| Listed records |

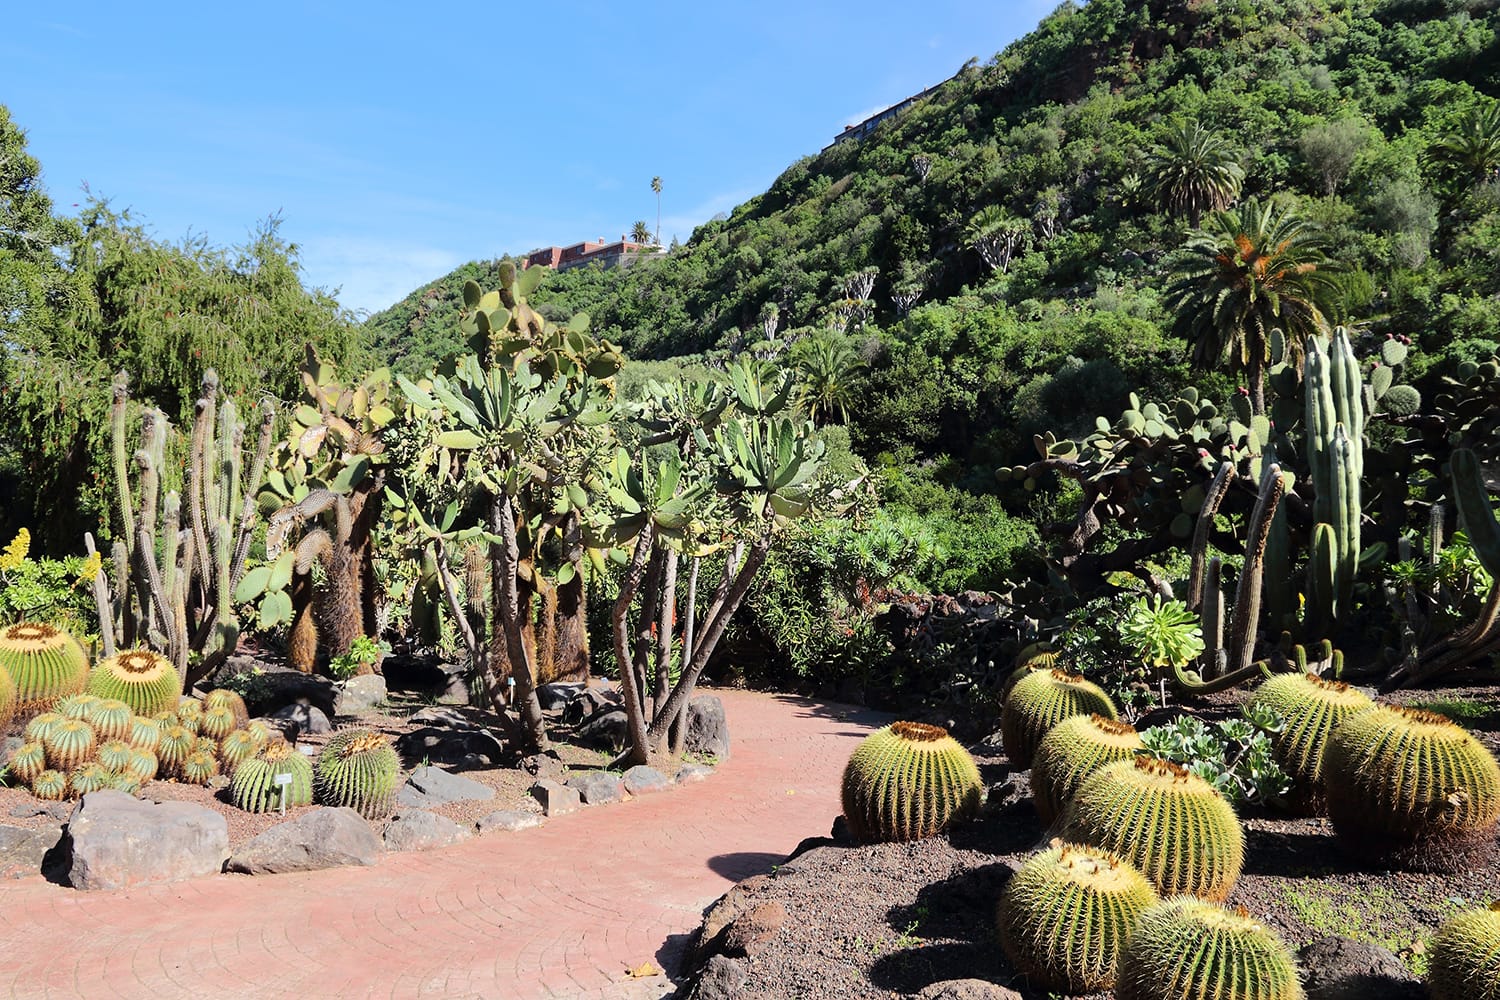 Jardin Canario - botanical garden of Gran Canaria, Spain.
...
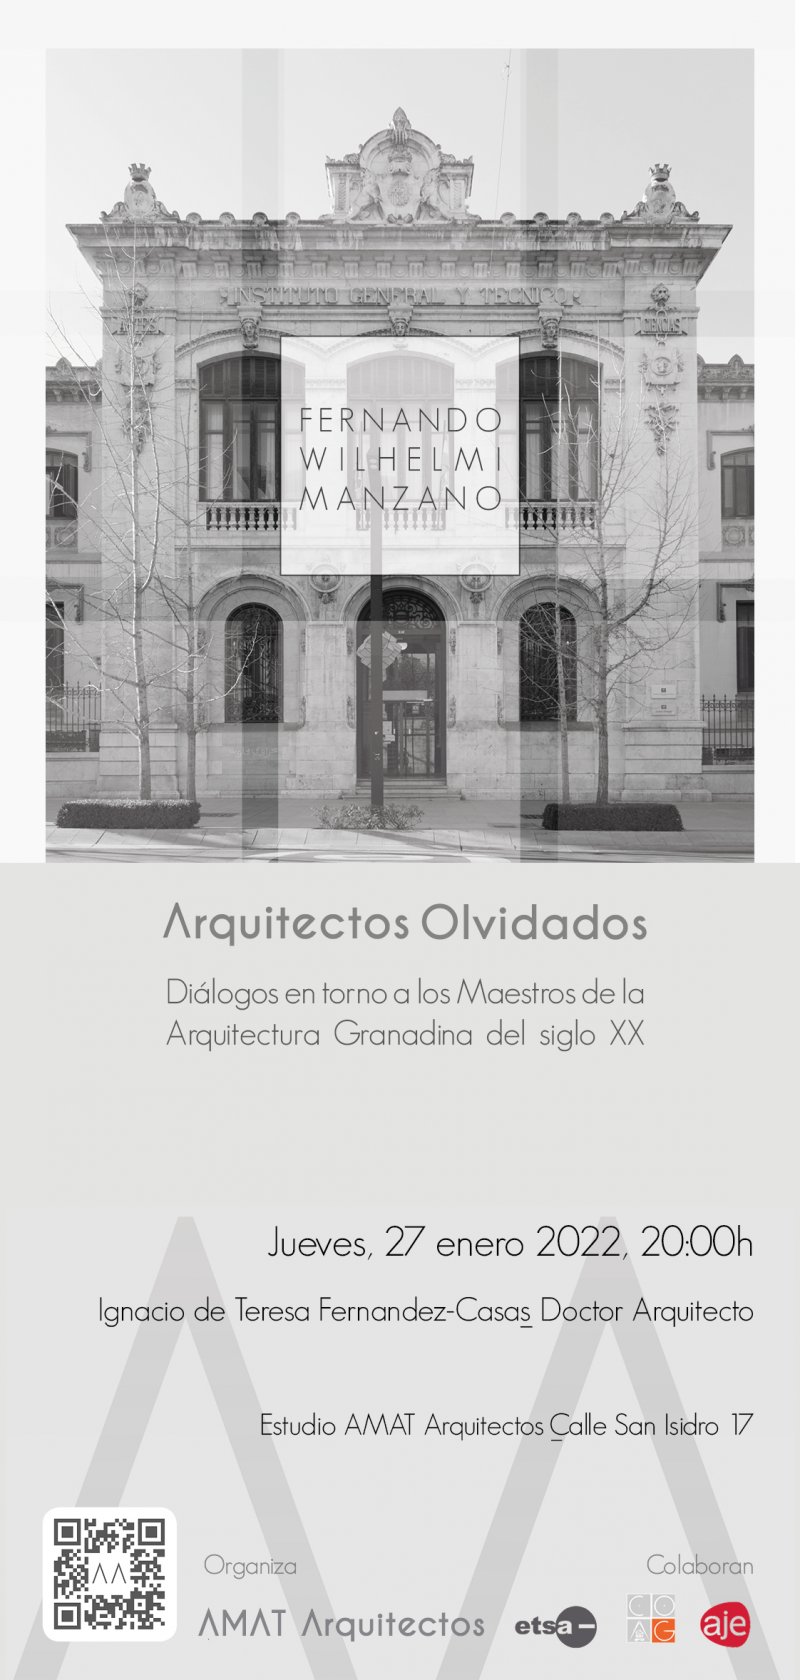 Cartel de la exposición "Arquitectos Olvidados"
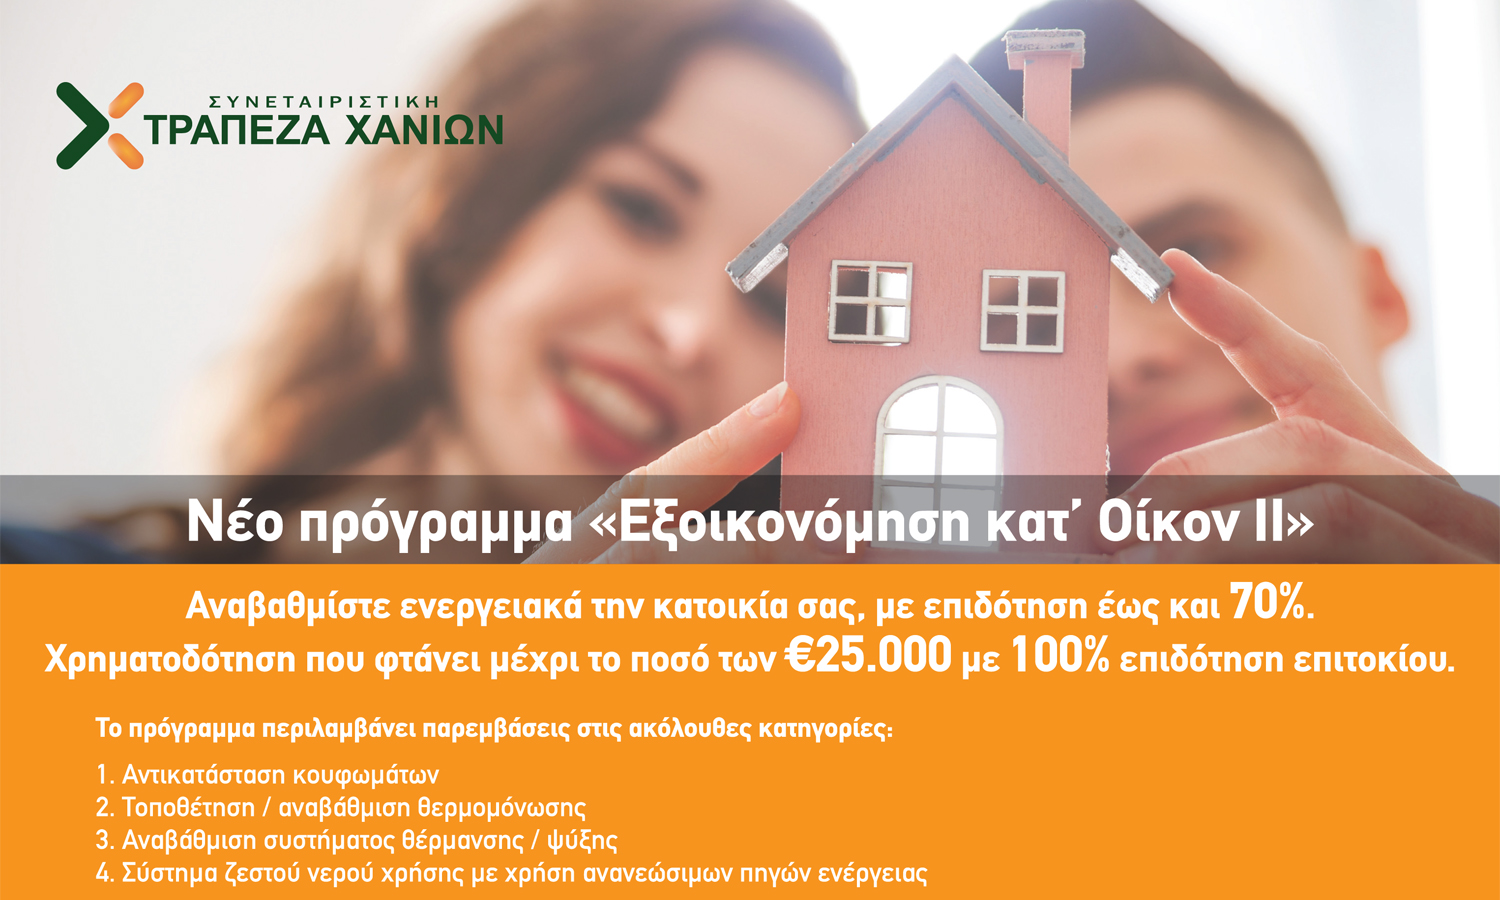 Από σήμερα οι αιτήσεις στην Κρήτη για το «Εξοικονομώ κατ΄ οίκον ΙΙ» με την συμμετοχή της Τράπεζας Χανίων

| What to produce |
Starting at the line containing "Cartel de la" and stopping at the line containing "Από σήμερα οι", output every line above exactly, both ends included, with pictures omitted.

| Response area |
 Cartel de la exposición "Arquitectos Olvidados"
 Από σήμερα οι αιτήσεις στην Κρήτη για το «Εξοικονομώ κατ΄ οίκον ΙΙ» με την συμμετοχή της Τράπεζας Χανίων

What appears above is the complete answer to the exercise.